Section 135 of the Code of Criminal Procedure, 1973 (CrPC) deals with the “Obey or Show Cause Order” issued by a Magistrate.

2. Explanation:

This section empowers a Magistrate to pass an order directing a person to obey a specific direction or to show cause why they should not be compelled to obey that direction.

The order can be issued in cases where:

  • There is a reasonable apprehension that a person is likely to commit a breach of peace or disturb public tranquility.
  • There is a reasonable apprehension that a person is likely to obstruct or interfere with the execution of any lawful order.
  • There is a reasonable apprehension that a person is likely to commit an offence.
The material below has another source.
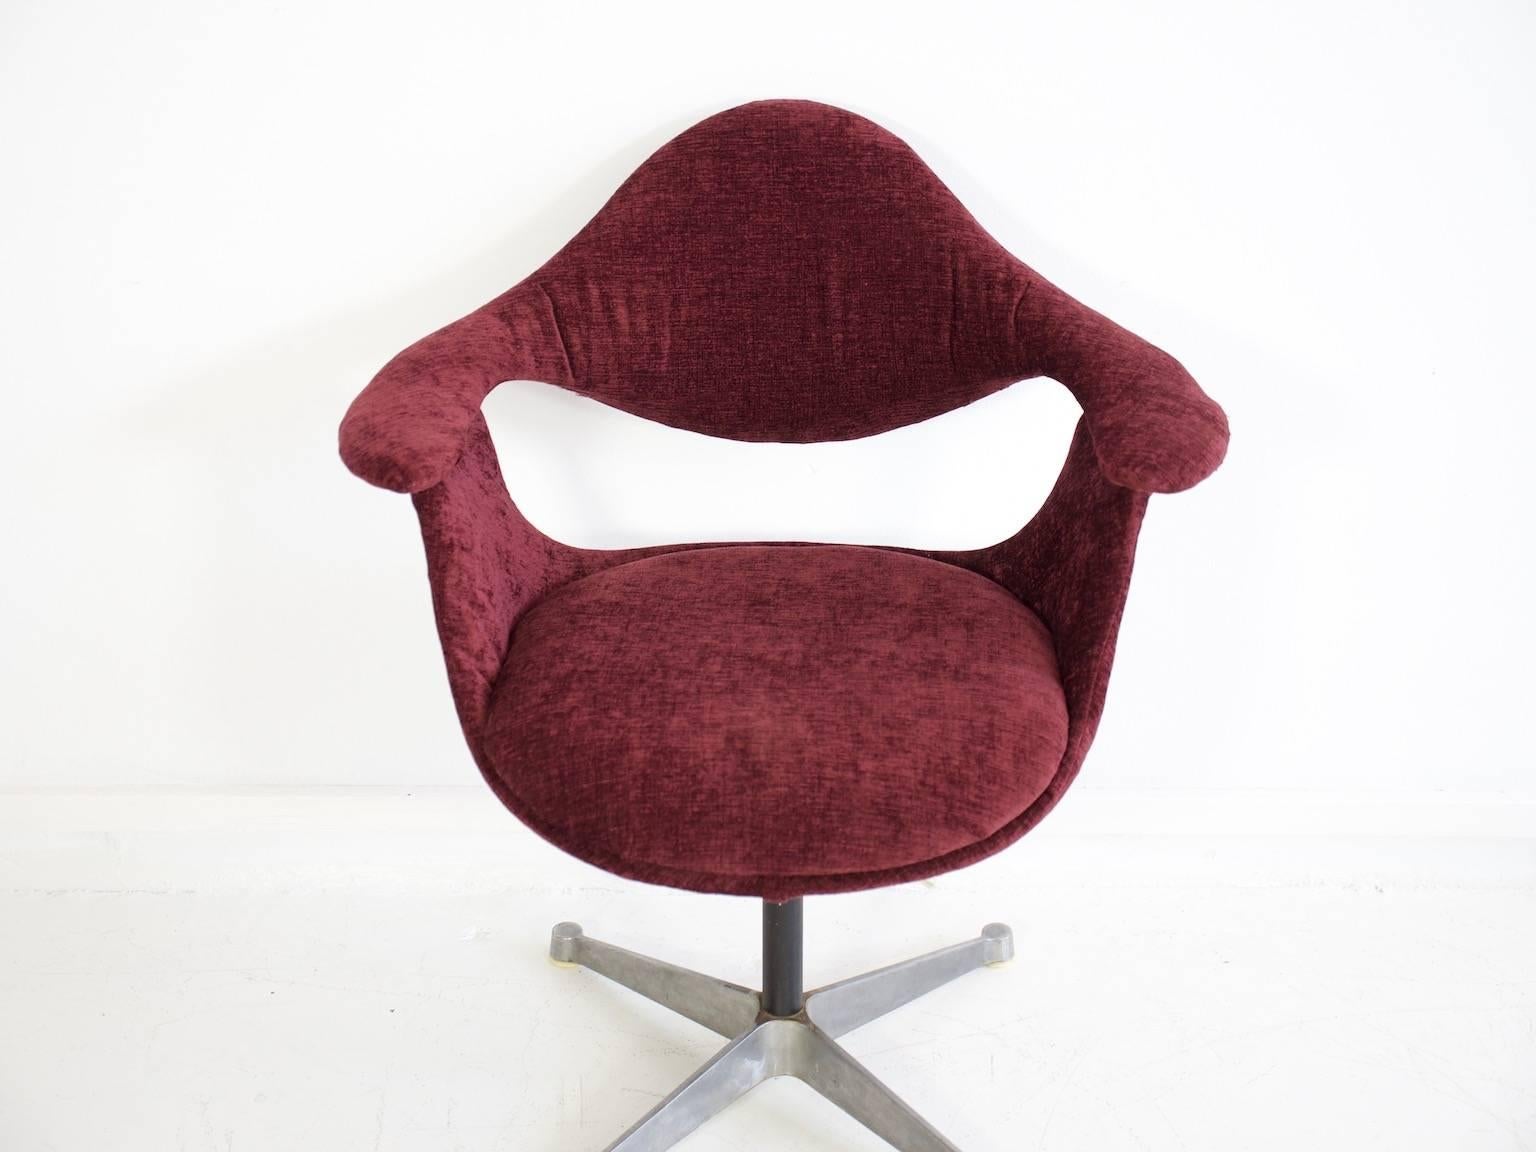 George Nelson DAF swivel chair produced by ICF De Padova, upholstered in burgundy red velvet fabric and with Industrial metal base. Very comfortable chair. Labeled on its base for both designer and maker. Very rare.

The Magistrate can pass this order either on their own motion or on the application of any person. The order must state the specific direction to be obeyed and must also inform the person of their right to show cause why they should not be compelled to obey the direction.

3. Illustration:

Suppose there is a rumour of a riot breaking out in a certain locality. The Magistrate, fearing a breach of peace, can issue an order under Section 135, directing all individuals in that locality to remain indoors until further notice. This would be an “Obey or Show Cause” order. If anyone fails to comply, they can be held liable for contempt of court.

4. Common Questions & Answers:

Q: What is the purpose of the ‘Obey or Show Cause’ order?

A: The purpose is to prevent the commission of an offence, maintain public order, and ensure the smooth execution of lawful orders.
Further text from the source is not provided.